I can (theoretically, given enough time) wear a single rear brake pad down to nothing in MDM without ever touching the brake pedal. Put the car on a sprinkler-wet skidpad going counterclockwise, maintaining constant steering angle, and then accelerate to the point just shy of terminal understeer. MDM will be grinding away on the left rear brake until I run out of gasoline and stop.

Also, I don't have data showing what was going on in my car back when I was using MDM as my nanny and I hadn't learned car control yet. Was I under-braking in the brake zone and tossing the car in too hot, letting front tire friction and heavy MDM activation of the brake pads slow me down enough to get to the apex? Was my acceleration off the apex so over-eager that MDM cut fuel, instead of even attempting to moderate the rotation with front brake application? I'll never know.

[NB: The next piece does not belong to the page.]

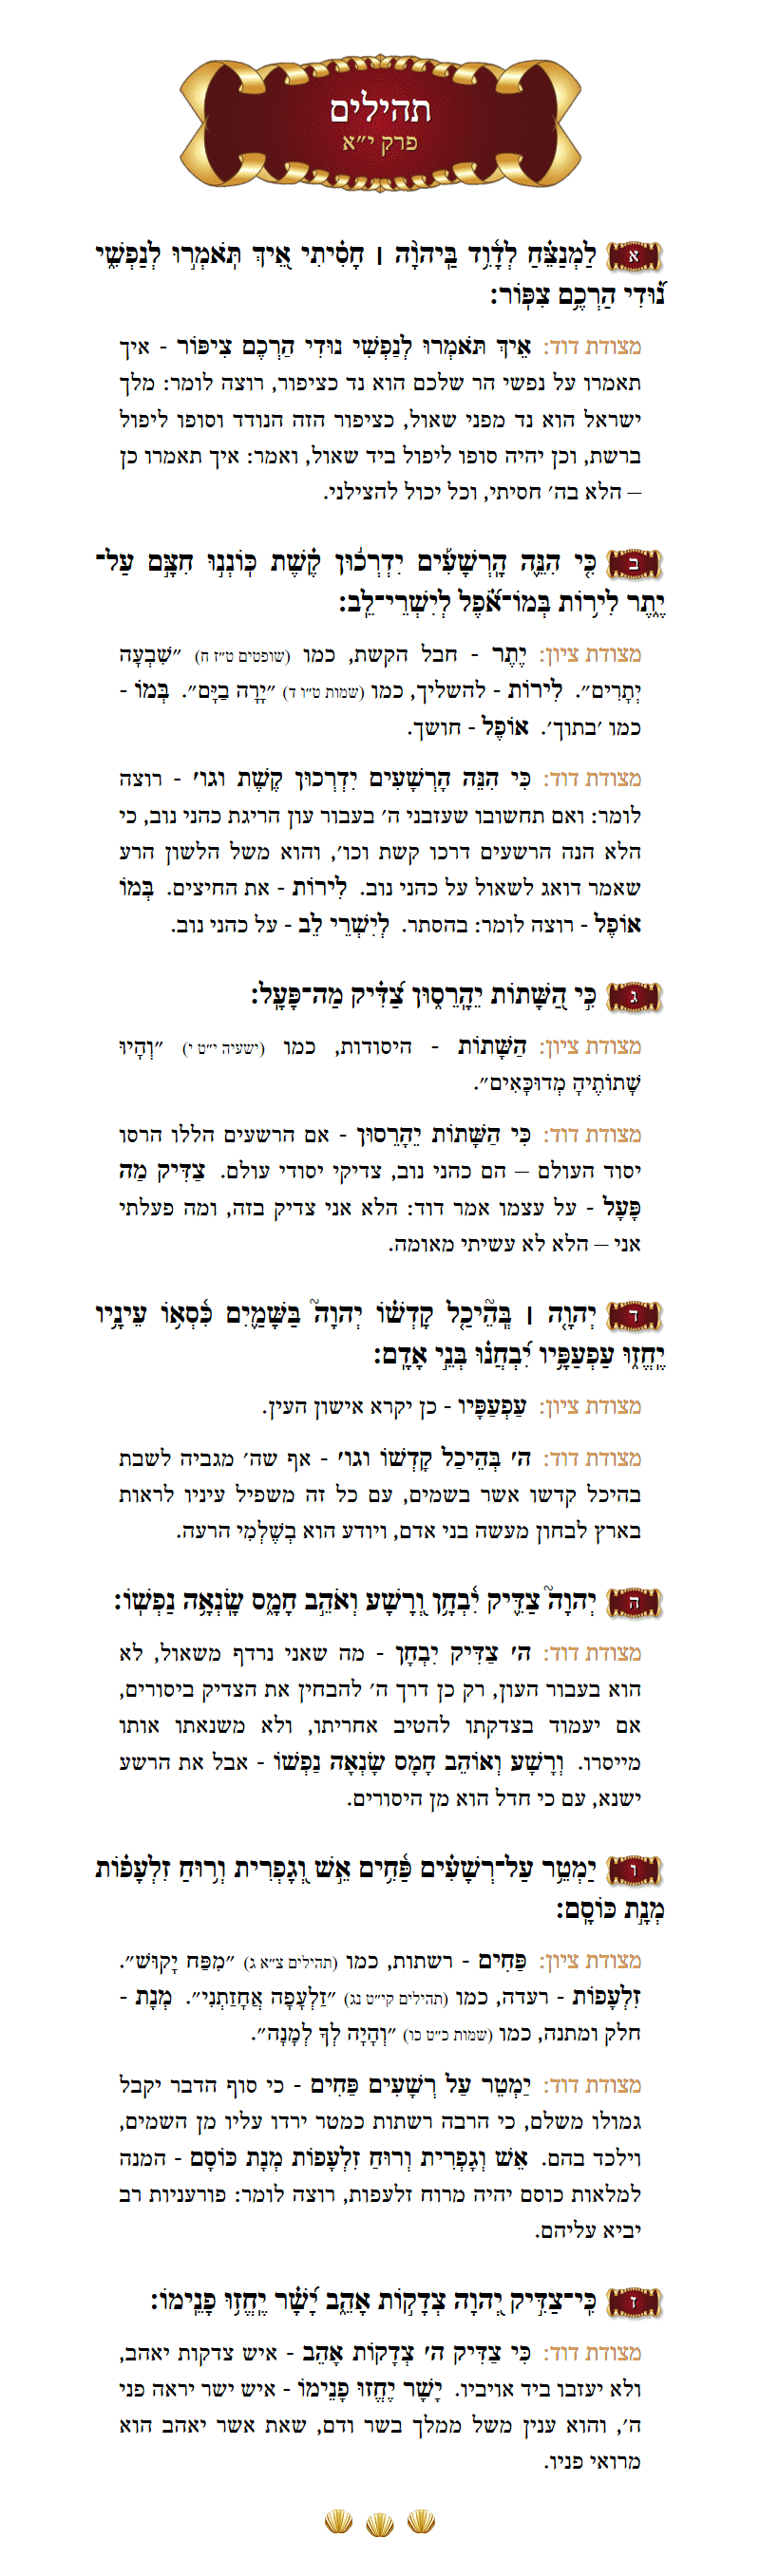 Sefer Tehillim Chapter 11 with commentary

And one other thing that's completely unrelated to my line of analysis, but about which I'm curious. Your system is measuring X bar of pedal input triggering measurements of Y, Z, psi, and omega. I cannot determine from just the graphs whether there are any functions to be derived from those relationships, but I do see an awful lot of variation. Is that all associated with tire torque variations arising from independent suspension/pavement conditions at each wheel? Or is there MDM-induced variation that's driving up the rear pressure numbers incrementally and eating more pad?

My comments here are just spaghetti at the wall, not a rigorous engineering evaluation in any sense. I'm just trying to illustrate some of the ways in which I perceive there is much more to the analysis than: Dogbone's measured experience = MDM doesn't get into the rear brakes much.
You started with a one-line comment that asserted something about MDM. I've shown quite a bit of data to the contrary that has been collected over several years. Since then, you've written a lot of words, but you haven't provided a SINGLE shred of data or anything else to backup any of your claims. In fact, you have repeatedly said you don't even have any data. You've admitted that you're giving me a hard time. And in the end, you question the value of the data I've collected.

You want to question what I post? Great. Question it. I have no ego when it comes this stuff. I say over and over again on this forum, I am not a motorsport industry expert. I have been learning as I go, and sharing what I have discovered. Not many others are sharing their data here on the forum. But if you're going to say stuff like, "...I perceive there is much more to the analysis than: Dogbone's measured experience = MDM doesn't get into the rear brakes much.", then you need to stop perceiving, go strap a data logging device to your CAN bus, you need to go drive a shit-ton on track and collect dozens of days of hard data that proves something different---because it will take many days and many brake pads to prove your claims. Or, at the very least, you need to provide links to someone else's data. (Good luck finding that.) After you do that, I am HAPPY to listen to any of your conclusions. In fact, I wish more people would do exactly that----post up their data charts. Then there would be more to discuss! But until you do that, all your fancy "psi, Omega" terms and all your other theoreticals and questionings are just a bunch of arm chair grand-standing with nothing to support it. I'll take my data any day over your butt dyno.

And-----now I'm done with this thread.